■ PROVIDED DATA

*** Block opens ***

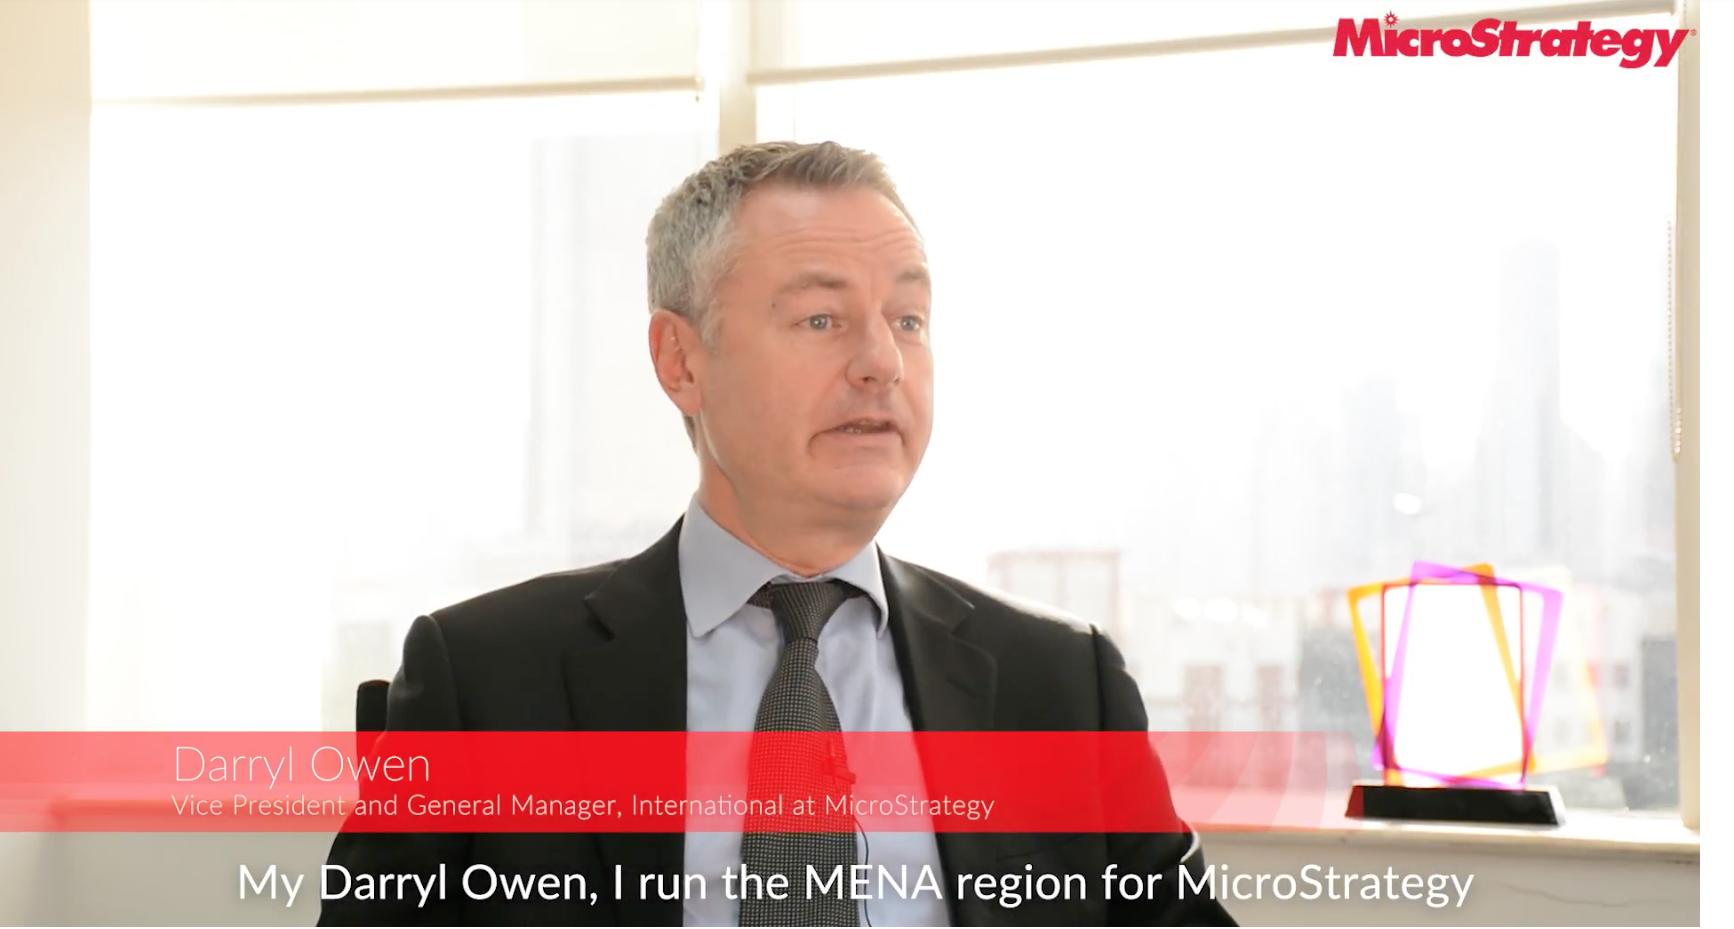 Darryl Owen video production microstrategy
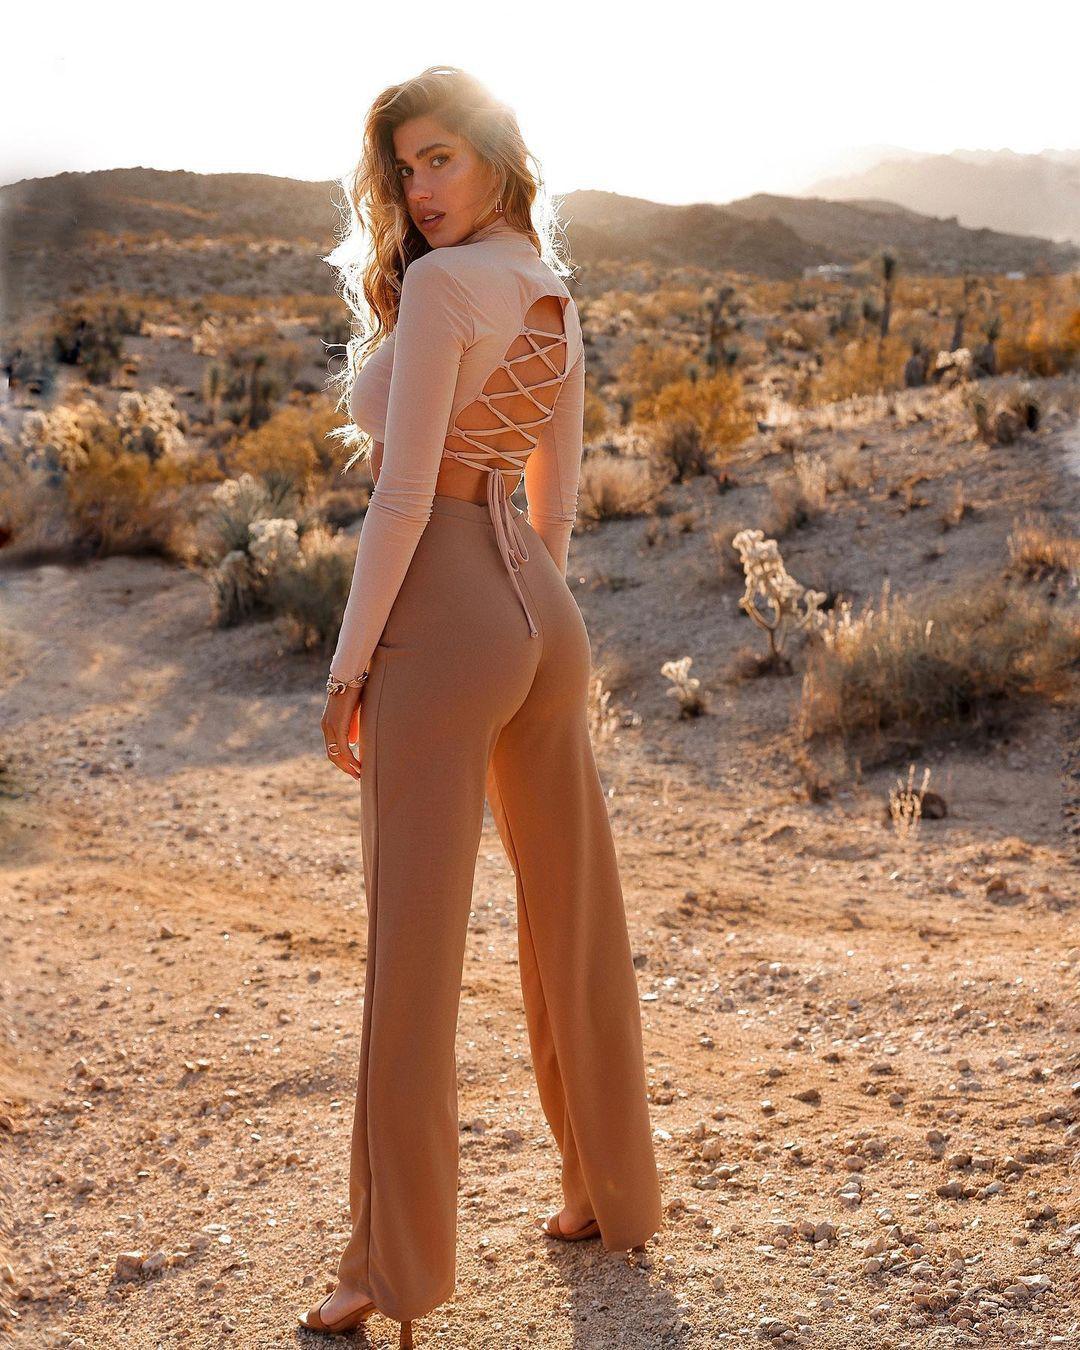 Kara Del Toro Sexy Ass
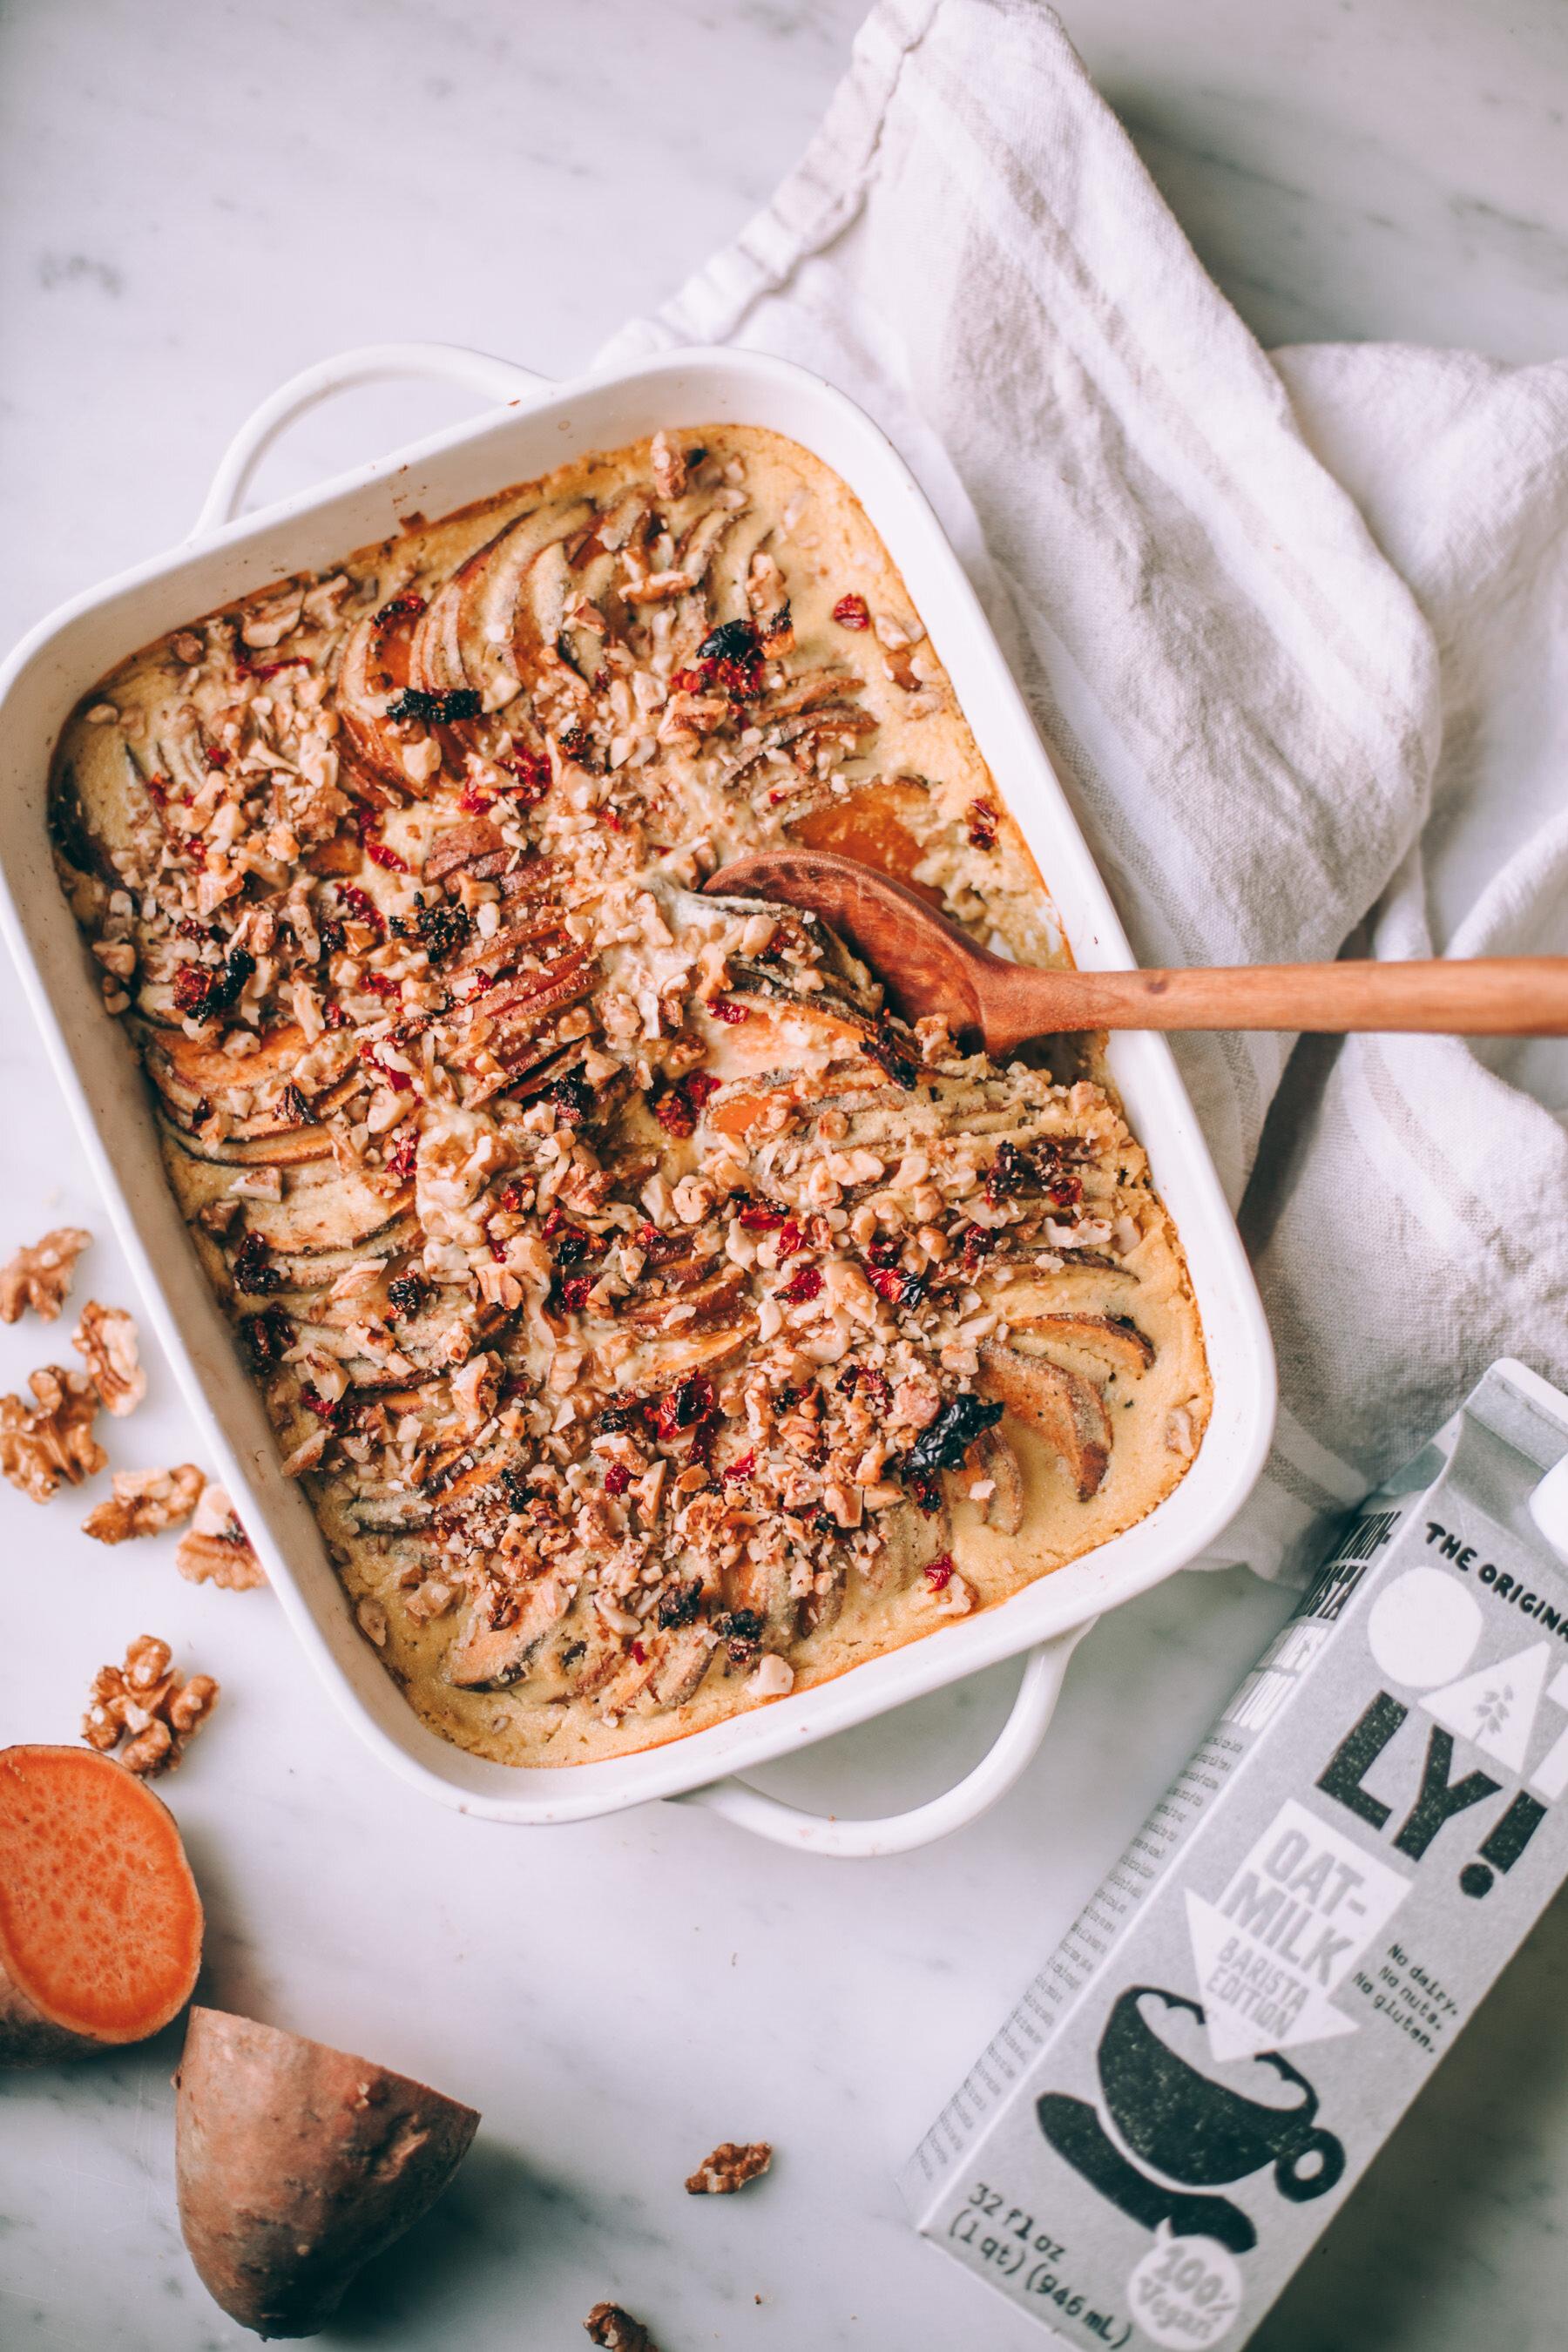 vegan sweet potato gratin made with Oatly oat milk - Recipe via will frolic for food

*** Block closes ***

In your copy of the data above, leave out the pictures and repeat everything else exactly.

■ RESPONSE BELOW
 Darryl Owen video production microstrategy
 Kara Del Toro Sexy Ass
 vegan sweet potato gratin made with Oatly oat milk - Recipe via will frolic for food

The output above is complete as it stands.